Now he had seen how Edmund destroyed the evidence of his secret work, it was better than George had expected. Mojo would find a nice home in one of those pits.
“Why didn’t we just dig a hole in the backyard?” Bobby asked.
“I’ll show you,” George said. Palms sweaty, nerves twisting in his body, George walked over to one of the pits. The stench of death grew overpowering as he neared.

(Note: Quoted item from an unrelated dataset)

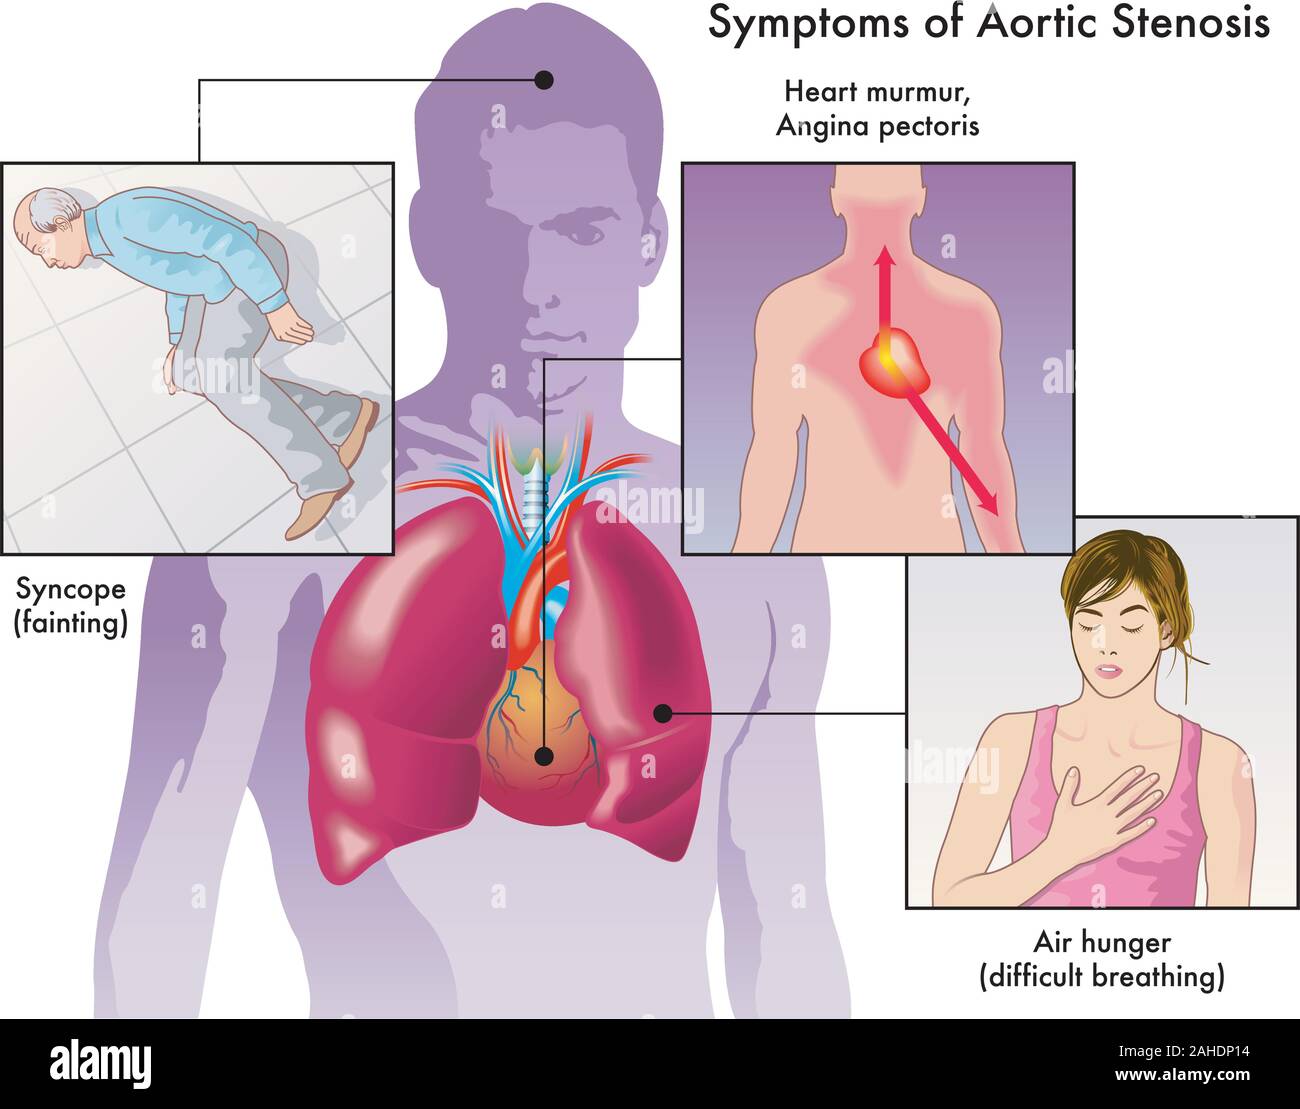 Medical illustration of the symptoms of aortic stenosis. Stock Vector

Standing at the edge of the pit, he gazed in. He first noticed the useless bits and pieces of cattle that Edmund collected from the slaughterhouse, some were stripped of flesh, others still retained scraggy bits of hair; all were unrecognisable as parts of an animal. Then his eyes focused on the rubbish bags underneath the sprinkling of animal off-cuts. It was these that interested George.
“It’s just more rubbish,” Bobby said, coming up beside his father.
George swallowed. His mouth was as dry as the soil they were standing on. “That’s not just any rubbish , son.”
In a small voice, Bobby said, “What do you mean?”
George turned to his son. “There are dead bodies in those bin bags.”
Bobby’s mouth popped open and his eyes widened. “For real?”
George nodded. “These pits are full of bodies, left here to rot among the animal carcasses.”
Although “left to rot” was just an expression in this case. George knew for a fact that Edmund burnt the contents of the pits. Working at the slaughterhouse, it was common to see thick, putrid black smoke drifting from the tip (“Looks like old Edmund is smoking his cigars again,” the men would often joke). The blackened ground around the pits was further proof of Edmund’s particular method of waste disposal.